The essence of the era of strongmen is a collective, voluntary transfer of power.

The essence of the era of strongmen is a form of collective voluntary relinquishment.

Written by: Niusike, Deep Tide TechFlow 

In the early morning of November 7, Tesla shareholders cast an unprecedented vote, with more than 75% approving Elon Musk’s compensation plan worth up to 1 trillion USD.

After the voting results were announced, the scene erupted in enthusiastic cheers, with Tesla shareholders loudly chanting Musk’s name.

If this compensation agreement is fully realized, Musk will leap from being the world’s richest man to becoming the world’s first “trillionaire.”

Marching Toward an 8.5 Trillion USD Market Cap

How can Musk secure a trillion-dollar compensation?

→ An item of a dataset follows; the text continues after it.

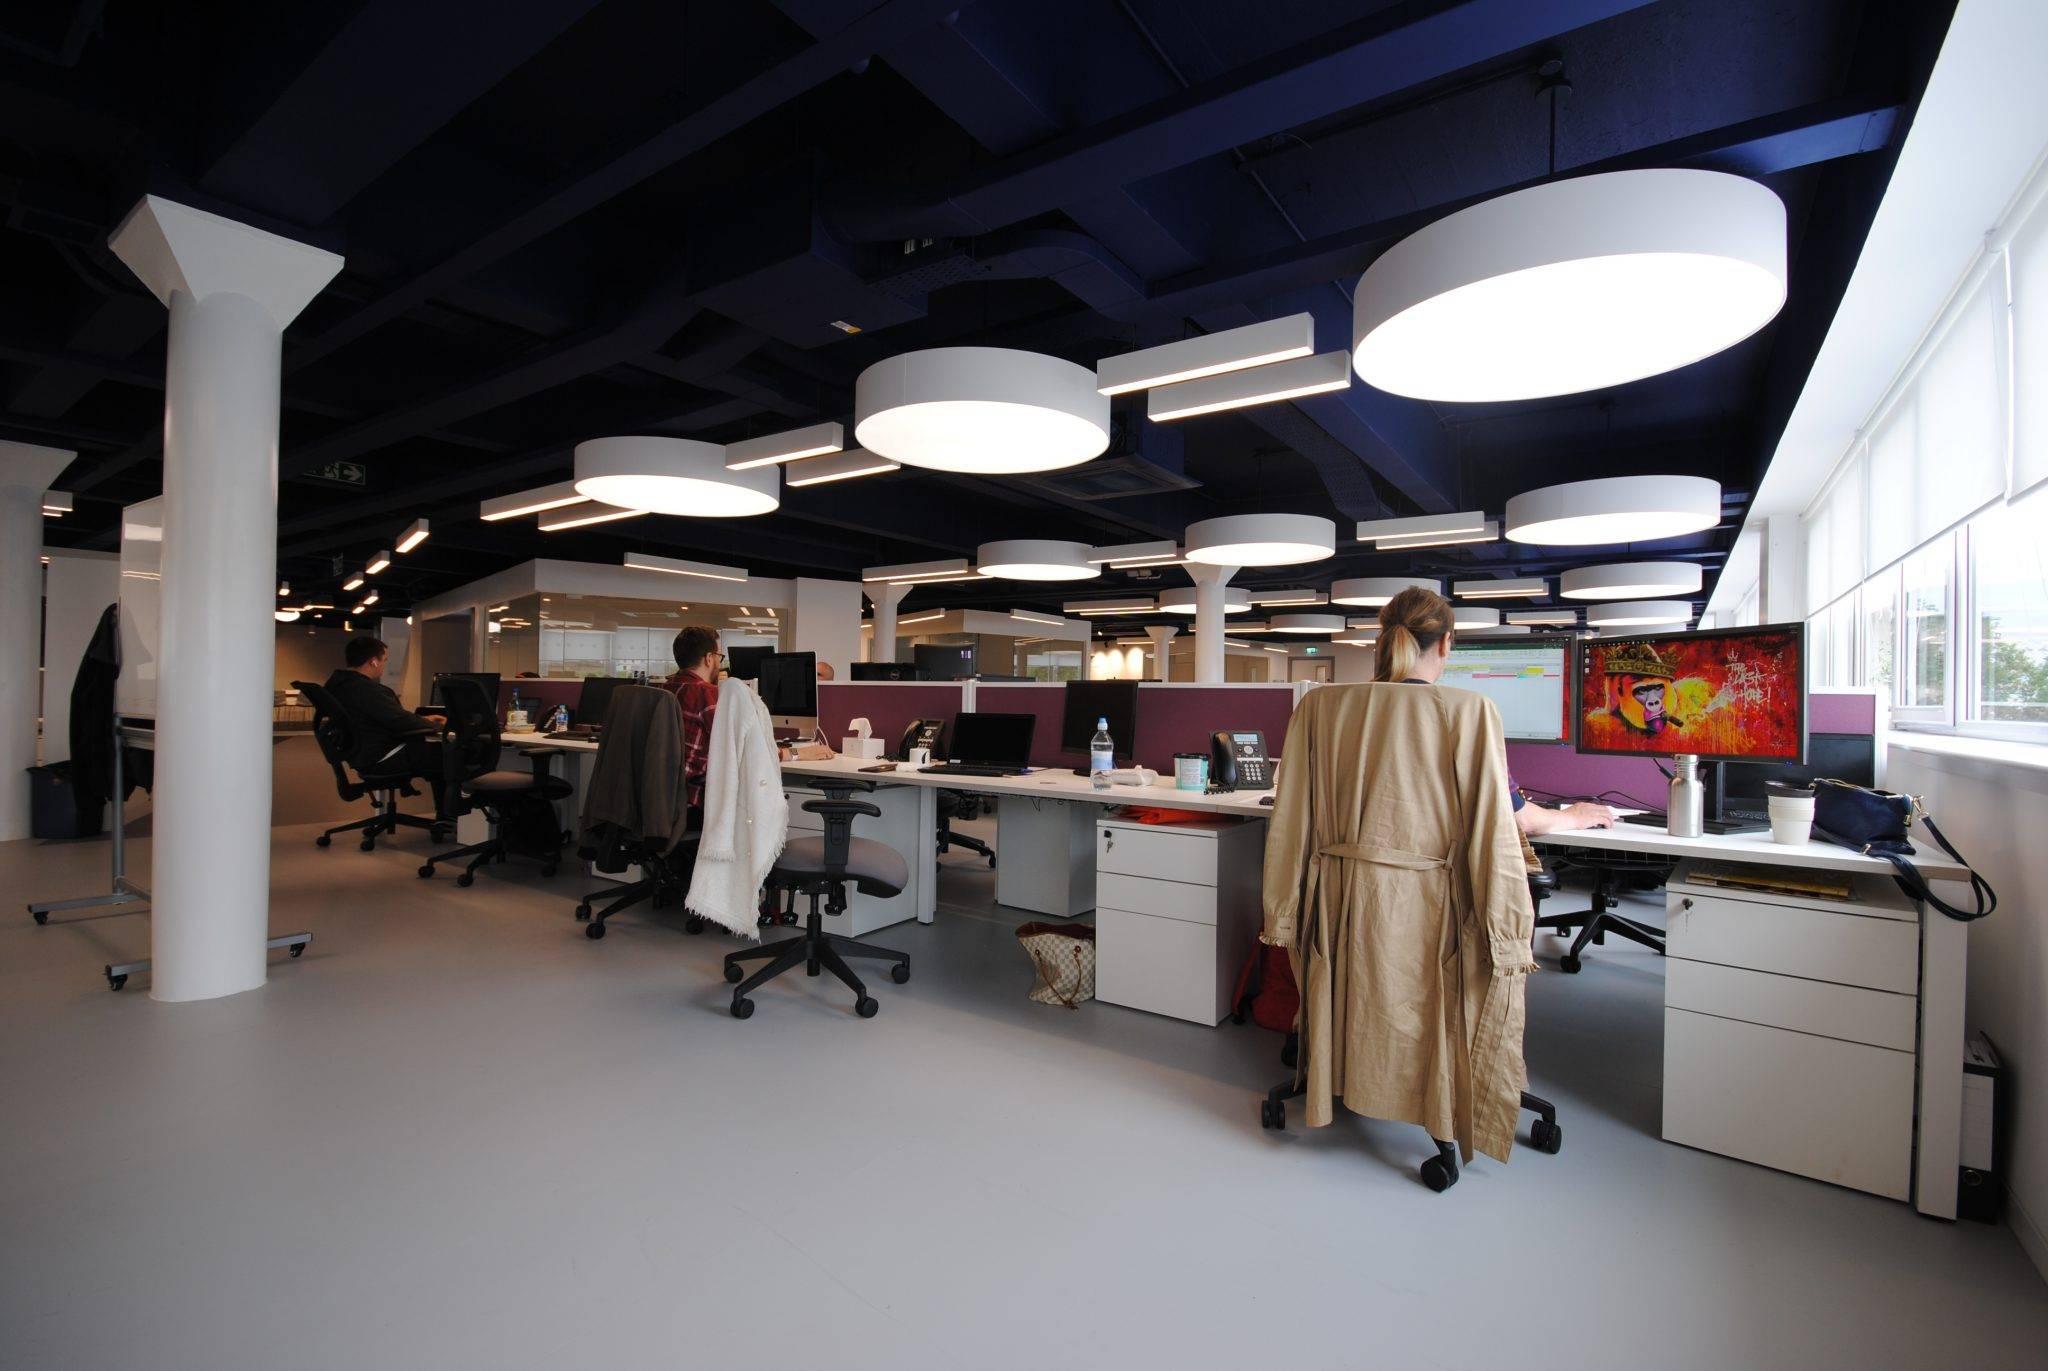 Architects Glasgow, Allison Architects Glasgow based Architects Serving the Central Belt of Scotland

According to public documents, Musk’s incentive plan is divided into 12 stages, each with clear market cap and operational targets.

The market cap targets start at 2 trillion USD and ultimately reach 8.5 trillion USD. For each completed stage, Musk will receive about 35.31 million shares. After all stages are completed, his shareholding may increase from the current 15% to 25%.

Elon Musk bets trillions of dollars as the world enters the era of strongmen image 0

Of course, the market cap requirement is not just a temporary spike to the target level; it must be maintained for at least six months to unlock.

In addition to market cap requirements, each stage also has corresponding business targets.

For example, the first stage requires the completion of one of the following 12 operational milestones, while the third stage requires the completion of any three of these 12 milestones.

The twelve operational milestones:

1. Adjusted EBITDA: 50 billion USD

2. Adjusted EBITDA: 80 billion USD

3. Adjusted EBITDA: 130 billion USD

4. Adjusted EBITDA: 210 billion USD

5. Adjusted EBITDA: 300 billion USD

6. Adjusted EBITDA: 400 billion USD

7. Adjusted EBITDA: 400 billion USD

8. Adjusted EBITDA: 400 billion USD

9. Cumulative vehicle deliveries: 20 million units

10. FSD users: 10 million

11. Robotaxi: 1 million taxis

12. Humanoid robots: cumulative delivery of 1 million robots

These targets must be completed within ten years, and some require being maintained for a certain period to take effect.

According to these requirements, if Tesla achieves an adjusted EBITDA (earnings before interest, taxes, depreciation, and amortization) of 130 billion USD in a single year in the coming years, and a market cap of 3 trillion USD, it can unlock rewards for stages one to three, granting a total of 105 million USD worth of stock. This is because 130 billion USD in EBITDA means the company has reached three operational milestones (adjusted EBITDA of 50 billion, 80 billion, and 130 billion USD).

Is It Achievable?

In the nine months ending September 2025, Tesla’s net profit was 2.9 billion USD, with adjusted EBITDA of 10.8 billion USD, and the adjusted EBITDA for 2025 is expected to be 14.4 billion USD.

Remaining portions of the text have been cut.